La biguine

Publié le par Sylvina

Barrel COPPET et son Orchestre (orchestre de bal dans les années 1960

Au XIXe siècle, les musiciens étaient pour la plupart des esclaves affranchis, et les bals donnaient lieu à de véritables concours d’orchestres et de danses. Les musiciens étaient habitués à imiter leurs maîtres tant dans la danse que dans la musique. Ils interprétaient admirablement les musiques des colons et les reprenaient dans leurs propres fêtes, mais en y ajoutant le chant et le tambour.

Les fêtes que donnaient les esclaves le samedi soir dans les jardins des colons eurent raison de l’aversion qu’imposait l’Eglise pour toute production nègre. Elles ne furent jamais acceptées par le clergé, mais conquirent cependant les couches populaires de la colonie. En apportant le chant et le rythmes du bèlè à la polka, les musiciens noirs en firent un genre nouveau que l’on classa dans les biguines.

Ces biguines étaient au nombre de trois : biguine de salon, biguines de bal et biguines de rue. Les biguines de salon étaient interprétées au piano et au violon. Un violoncelle assurait la ligne de basse. Dans les bals, la haute taille à pastourelle évolua peu à peu en biguine, les commandements disparurent. Ce nouveau genre permit d’inclure des chants structurés, avec refrain et couplet, à la manière des chansons françaises. Jouées par un orchestre utilisant la contrebasse à partir de 1860 environ, elle servirent de support à toutes sortes de satyres et de campagnes politiques. Se dansant avec beaucoup d’énergie, elle précédait la mazurka, plus reposante. Un troisième type de biguine existait avant la catastrophe de Saint Pierre (éruption de la Montagne Pelée), né du bèlè, franchement satirique et développé vraisemblablement par les Nègres en période de carnaval. Le chant prédomine dans cette forme, et la voix du soliste se devait d’être forte. Elle fut donnée par l’Eglise pour responsable de l’éruption de la Montagne Pelée en 1902.

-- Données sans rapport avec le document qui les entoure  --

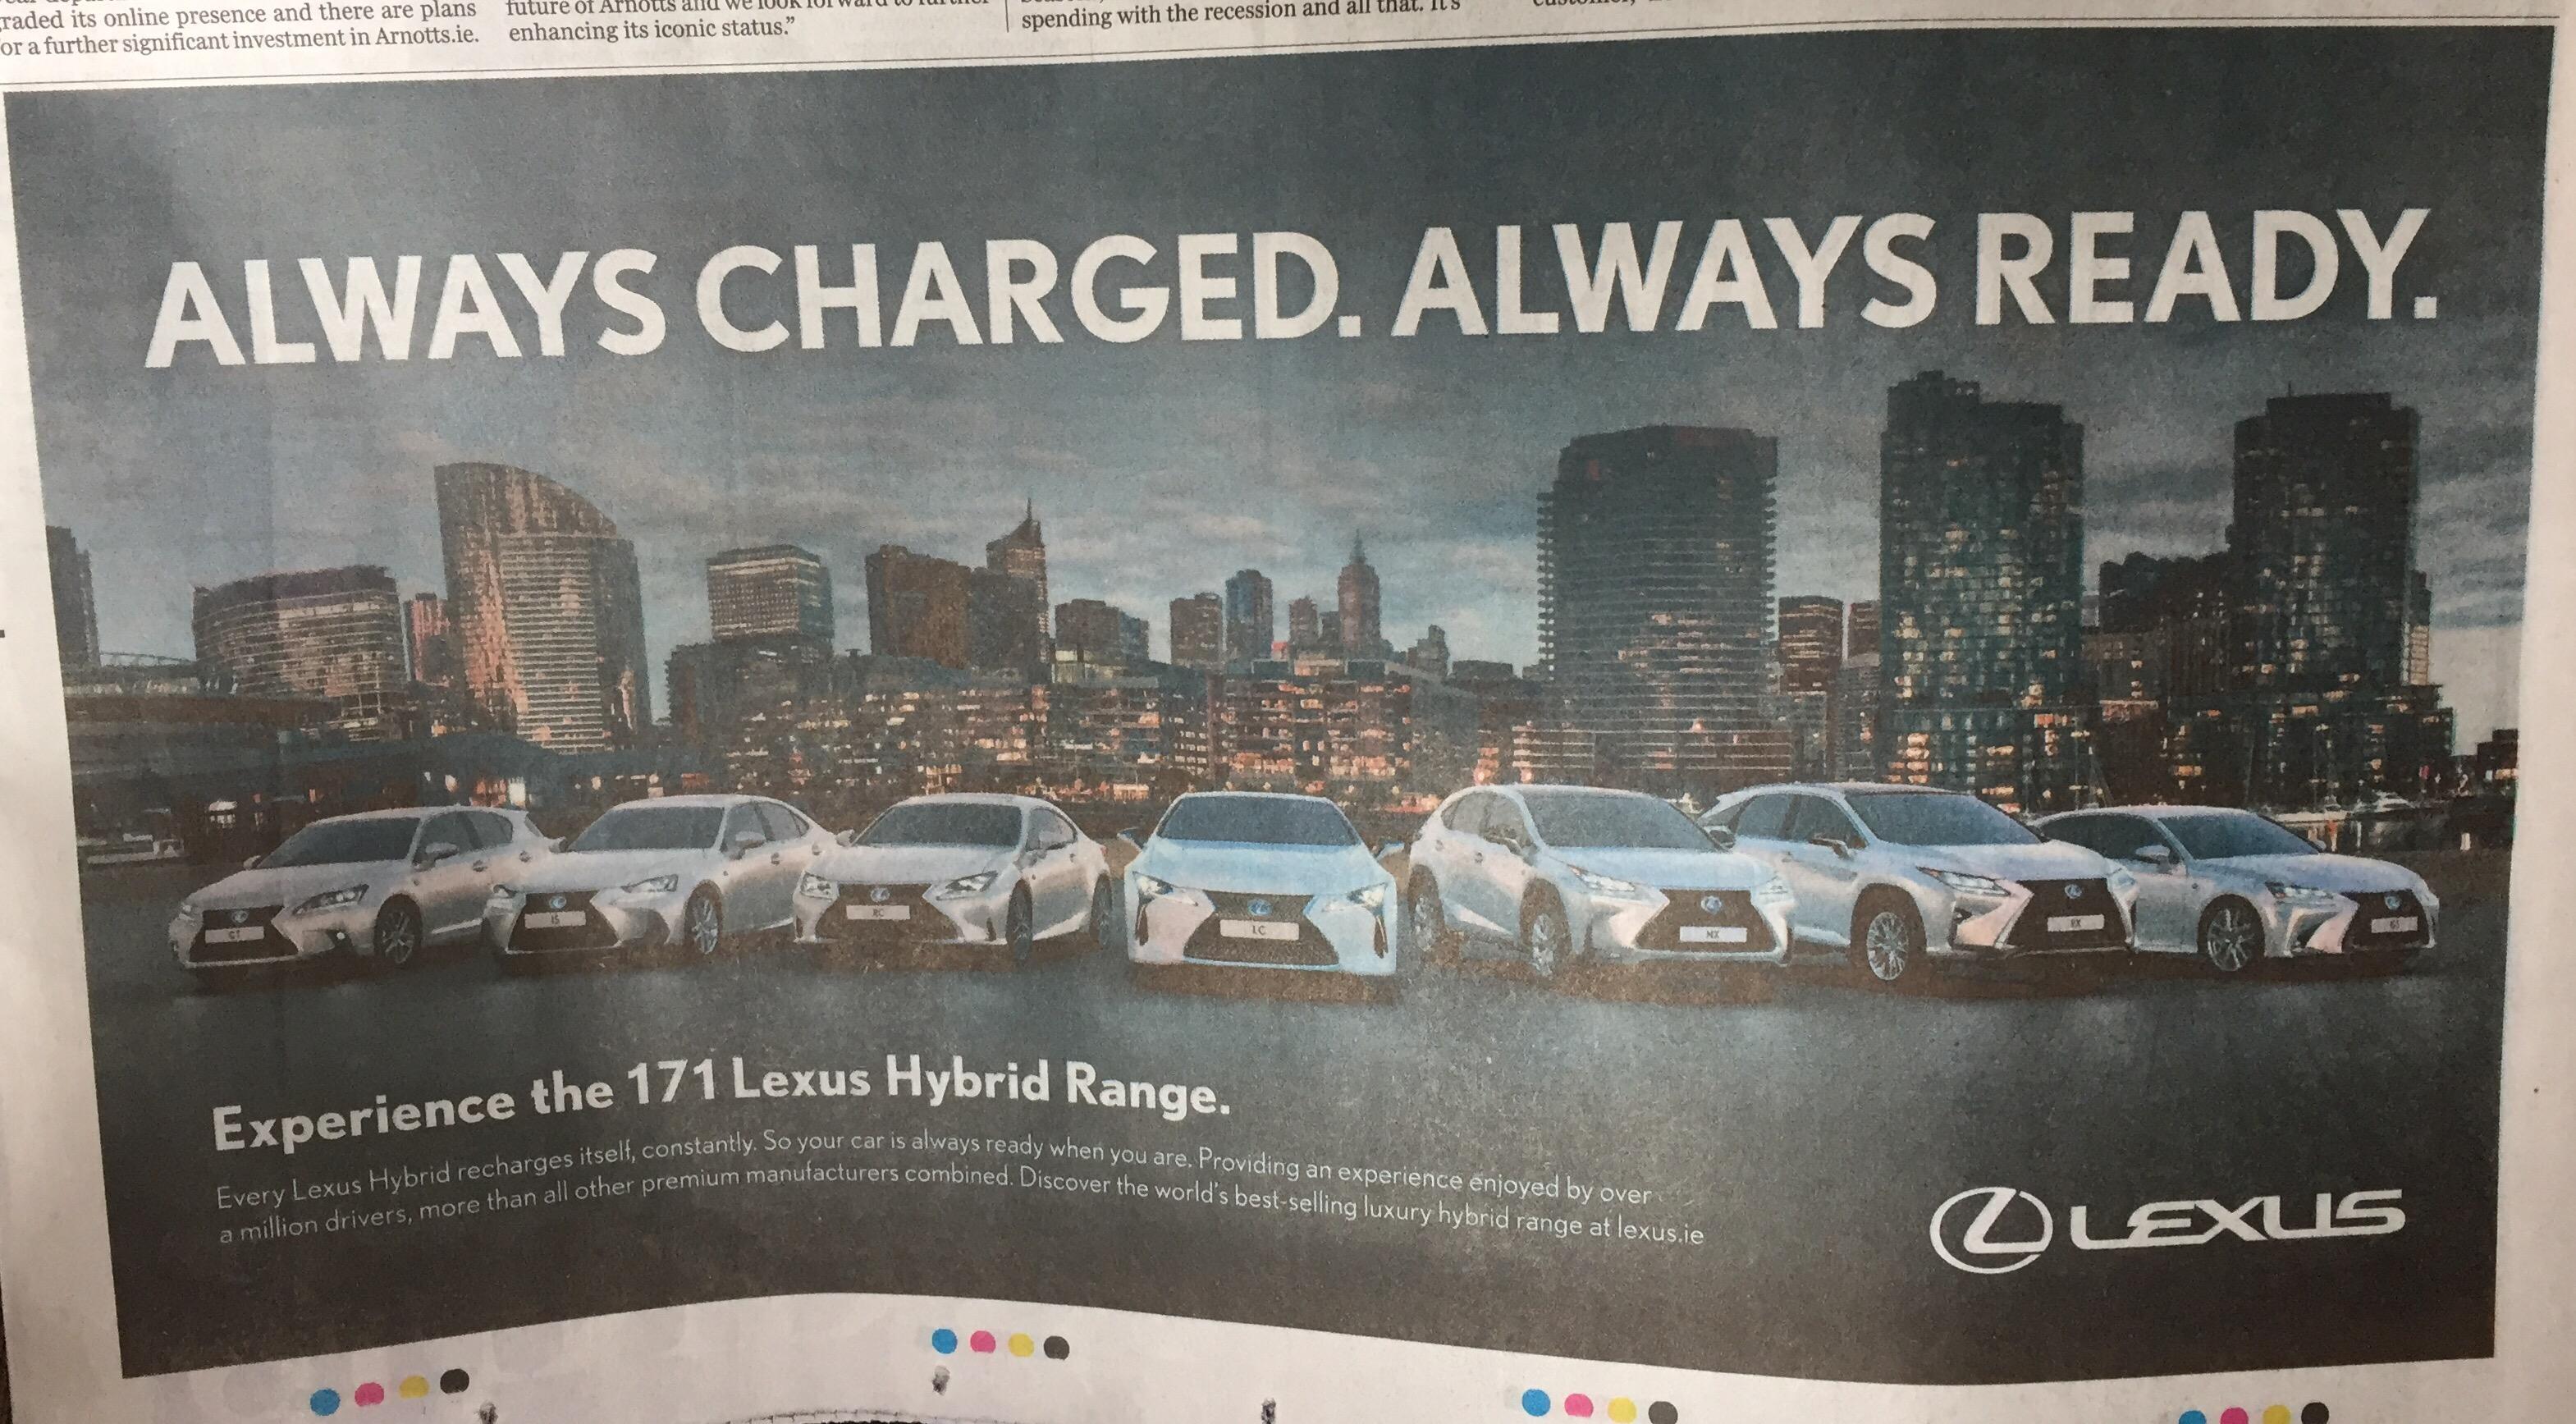 Lexus – Always charged. Always ready.

La biguine est avant tout chanson. Elle servait, tout comme les gran son et mazon-n, à relater des faits, et à la fin du XIXe siècle, servit la cause des hommes politiques.

Après la catastrophe de Saint Pierre, les biguines furent interdites à Fort-de-France, ou plutôt prirent le nom de polka. La classe dominante de la nouvelle capitale de la Martinique était alors composée de mulâtres et de grands blancs. Les noirs, bien que libérés des chaînes de l’esclavage, n’en avait pas pour autant gagné droits et reconnaissance. Excellents musiciens, capables de jouer les musiques de tous les pays, ils ne purent développer leur passion aux Antilles.

Aussi, c’est à Paris que Stellio (de son vrai nom Fructueux Alexandre) ou encore Félix Valvert font éclater la biguine et en font la danse représentative des colonies françaises en 1931, lors de l’exposition coloniale. Leur instrumentation est riche, semblable à celle des orchestres de la Nouvelle Orléans : clarinette, trompette, banjo, batterie, piano, violon, saxophone, guitare et contrebasse. Les arrangements comportent tant de syncopes qu’il est impossible de noter fidèlement leur style.

La Deuxième Guerre mondiale coûta la vie à de nombreux musiciens antillais. Les musiques américaines envahirent Paris, conquirent du même coup les Antilles. Outre Atlantique, les bee-bop, charleston et autres rythmes endiablés de la culture européenne font le bonheur des petits bourgeois de la Martinique. Les orchestres antillais interprètent avec brio toutes les musiques de la Caraïbe et de l’Europe.

Marius Cultier n’a que 16 ans lorsqu’il anime le bal des Paillottes et le piano-bar « L’Impératrice ». Ses compositions sont empreintes de modulation curieuses inspirées de prouesses des plus grands du jazz, alors que Fernand Donatien avec son orchestre « Stardust » propose des biguines façon cubaine. Son répertoire éclectique fait entendre biguines, valses, mazurkas, mais aussi quadrilles, tangos, méringués, paso doble, rumbas. La biguine connaîtra ses heures de gloire jusqu’en 1970, période de bouleversements des médias et de l’invasion des musiques commerciales.